Then switch to wall-times, compare `Test` against itself, and toggle the
"Show non-relevant results"/"Display raw data" check boxes to make sure it
hasn't changed drastically.
- E.g. `futures` was changed so it's just a facade for a bunch of
sub-crates, and the final crate time became very similar to `helloworld`,
which wasn't interesting.
- File a PR, including the two sets of timing measurements in the description.
## Remove a benchmark
- It makes it easier for reviewers if you split things into two commits.
- In the first commit just remove the old code.
- Do this with `git rm -r` on the directory.
- In the second commit do everything else.
- Remove the entry from `collector/compile-benchmarks/README.md`.
- `git grep` for occurrences of the old benchmark name (e.g. in
`.github/workflows/ci.yml` or `ci/check-*.sh`) and see if anything needs
changing... usually not.
- File a PR.
## Update a benchmark
- Do this in two steps.
- First add the new version of the benchmark. Compare the benchmarking time
of the two versions to make sure nothing outrageous has happened. Once the
PR is merged, make sure it's running correctly.
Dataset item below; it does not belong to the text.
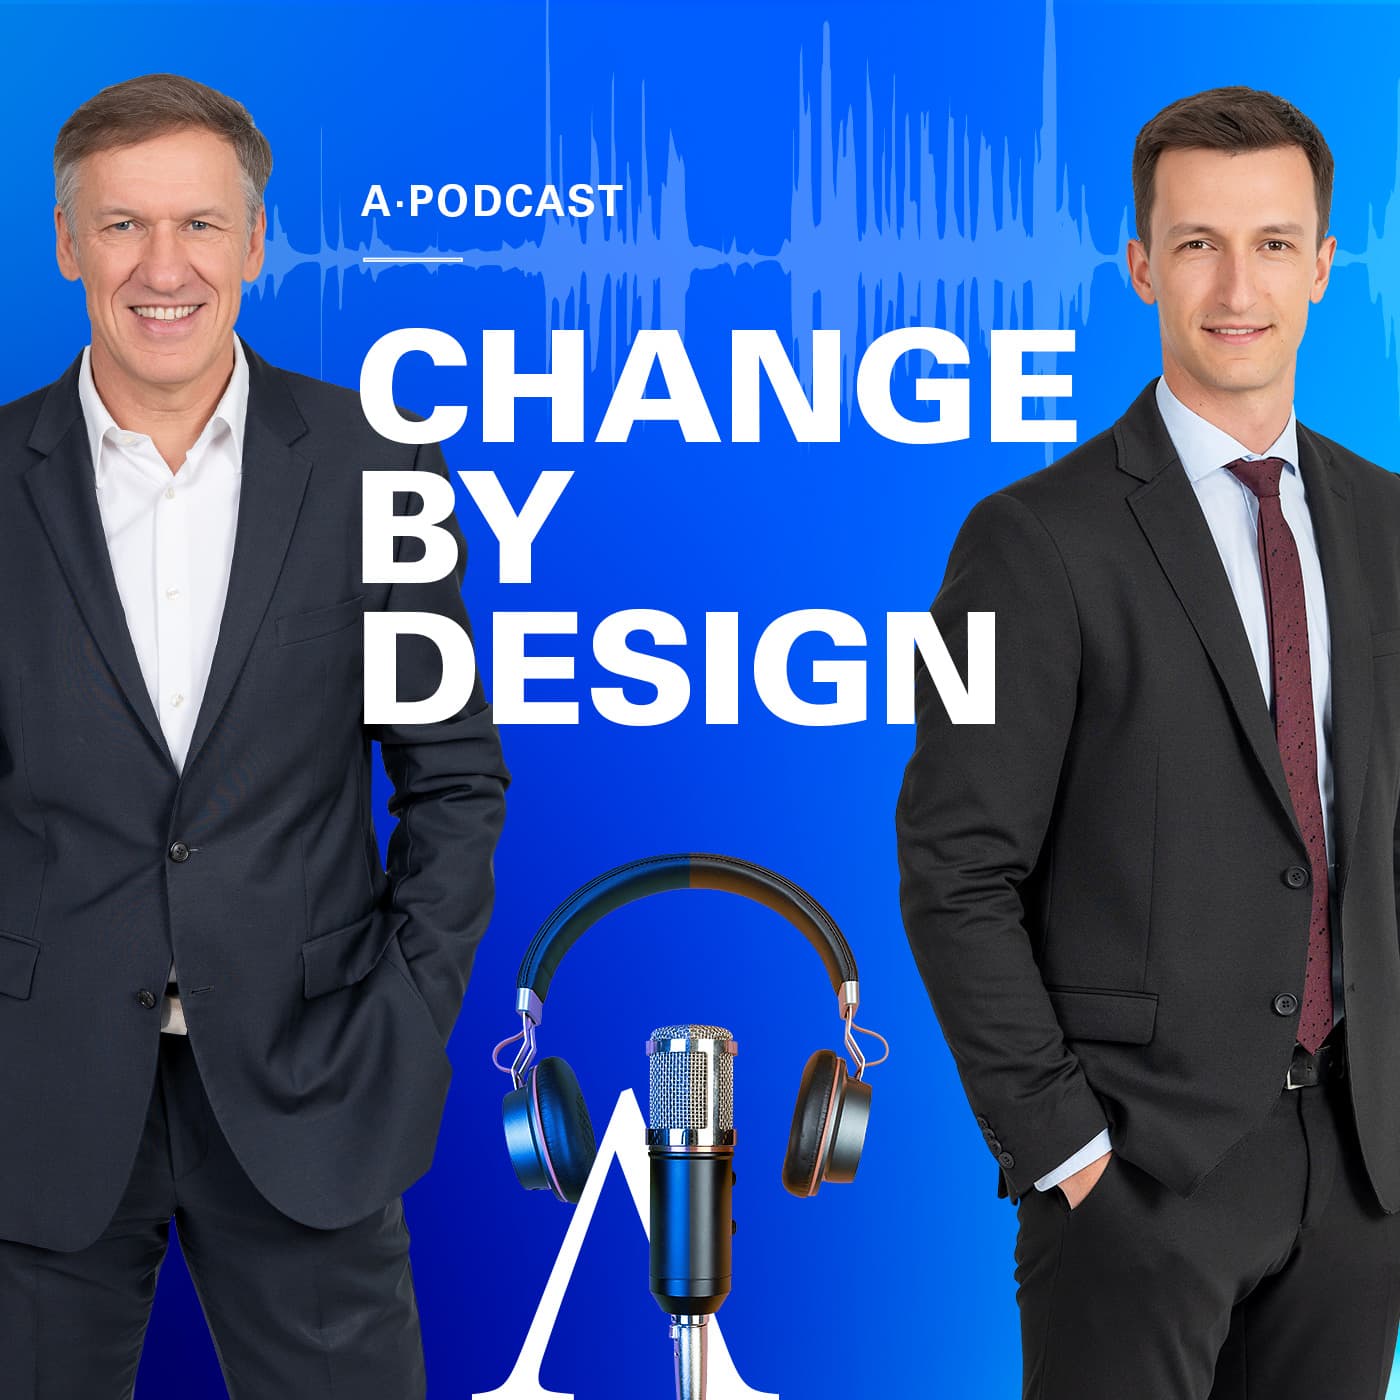 Vorschau - Behind the C & Change by Design

- Second, remove the old version of the benchmark.
Doing it in two steps ensures we have continuity of profiling coverage in the
case where something goes wrong.
- Compare the benchmarking time of the two versions.
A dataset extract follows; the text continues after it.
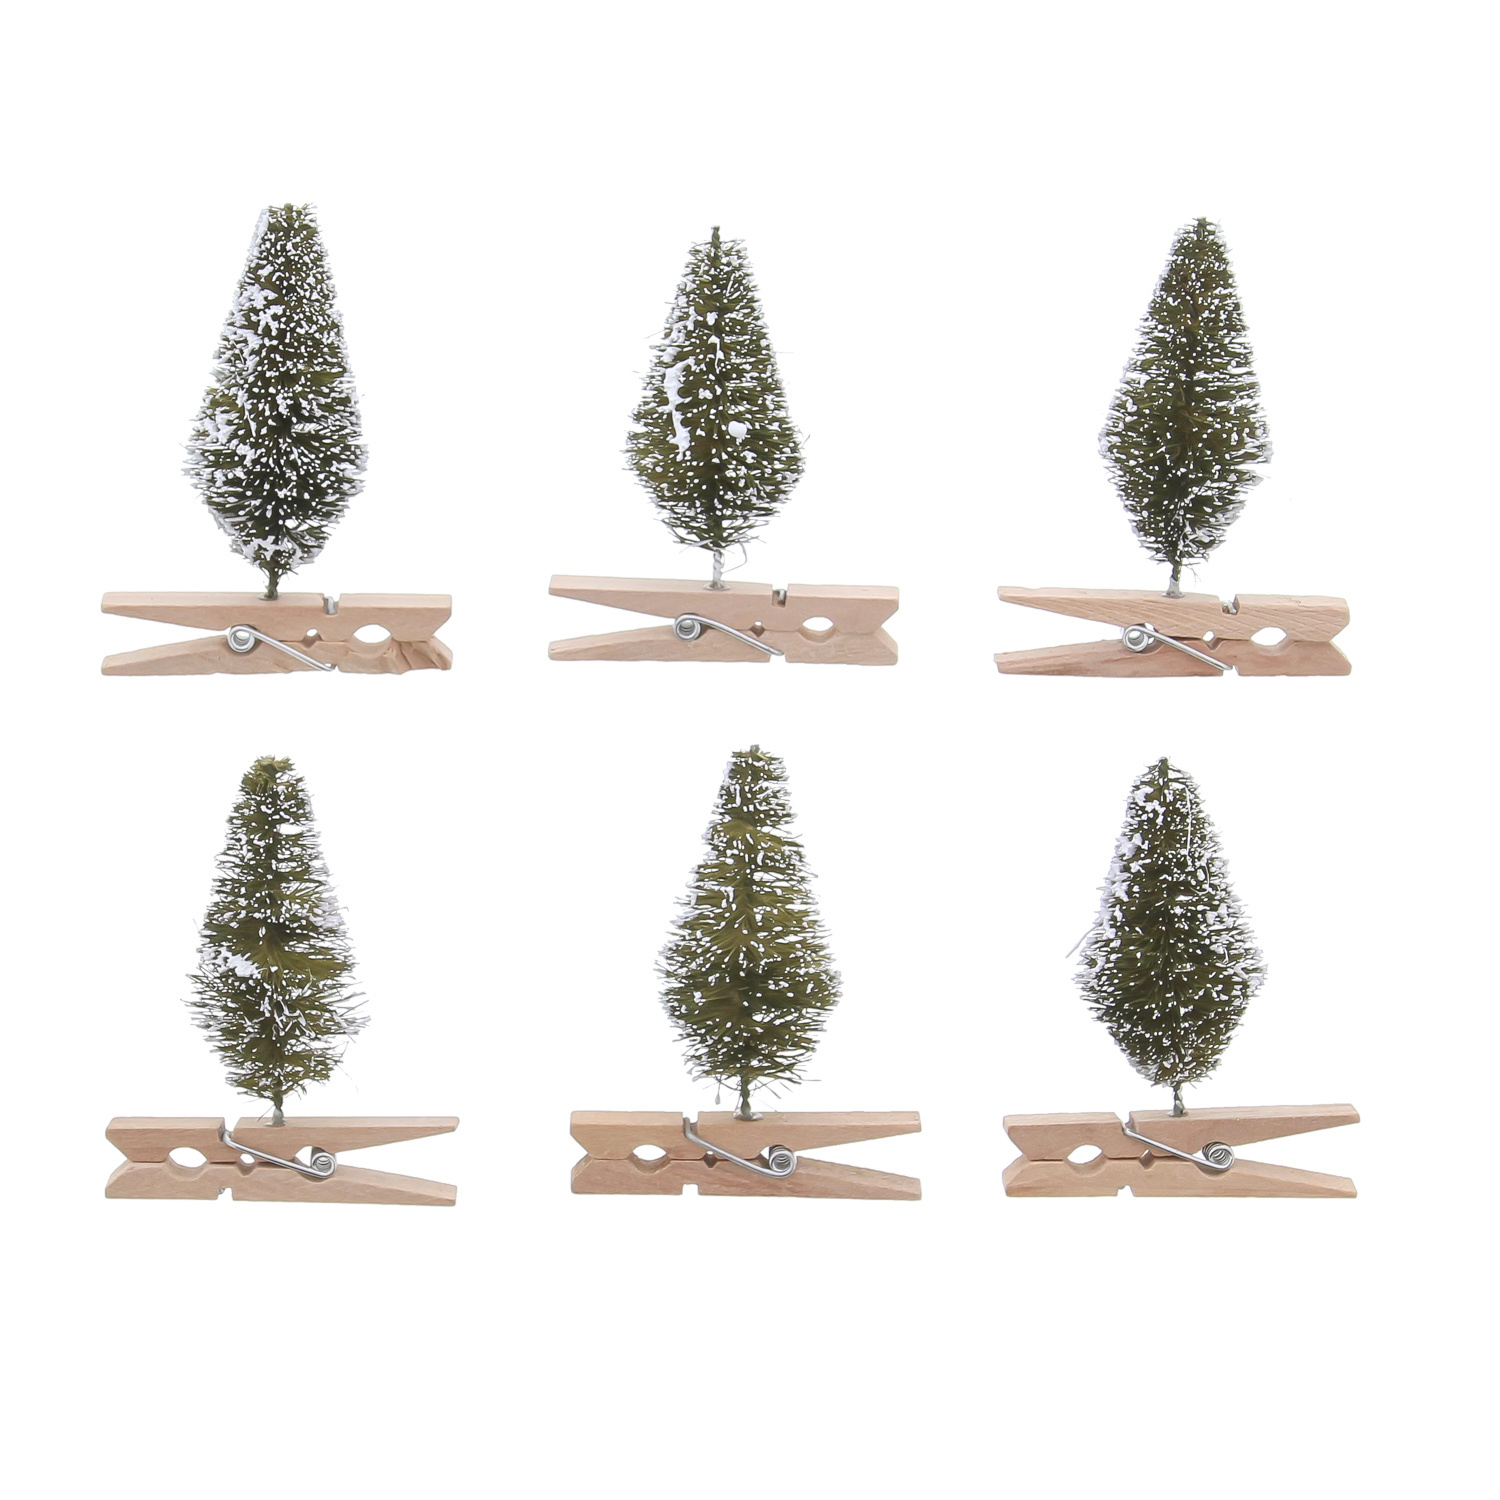 Weihnachtsbaum "Brush" Grün verschneit Klammer - 25*4,8*60mm - 36 Stück

- When adding the new version, for `perf-config.json` and the `N-*.patch`
files, use the corresponding files for the old version as a starting point.
# Benchmark update policy
## Background
rustc-perf is a "living benchmark suite" that is regularly changed. Some
benchmarks in rustc-perf are verbatim copies of third-party crates. We
periodically do a mass update of these benchmarks.
Benefits of this approach:
- We ensure we are measuring compilation of the crates most people are using.
This is most relevant for popular crates.
- We get coverage of newer language features.
Costs of this approach:
- It takes time and effort.
- We lose some data continuity.
- But the stable set of benchmarks used for the dashboard are not affected,
and they provide the greatest continuity.
- If the code hasn't changed much, it won't have much effect.
## Update policy
- The third-party crates should be updated every three years. This is a
reasonable refresh period that is neither too short or too long. It happens
to match the Rust edition cycle, but this is just coincidence.
- All third-party crates that have had at least one new release should be
updated, even if not much code has changed. This avoids having to make
decisions about whether a crate has changed enough.
- When doing this mass update, there may be some benchmarks that are deemed no
longer interesting and removed. For example, in the 2022 update we found that
the `futures` crate was no longer interesting because all the functionality
had been split into sub-crates that rustc-perf doesn't measure. Likewise,
there may be some new benchmarks that are added.
- New versions should be added before old versions are removed, to ensure
continuity of profiling coverage.
- The ad hoc addition and removal of individual benchmarks can continue
independently of this update cycle, as per the judgment of the rustc-perf
maintainers.
History:
- The first mass update of third-party crates occurred in [March/April
2022](https://hackmd.io/d9uE7qgtTWKDLivy0uoVQw).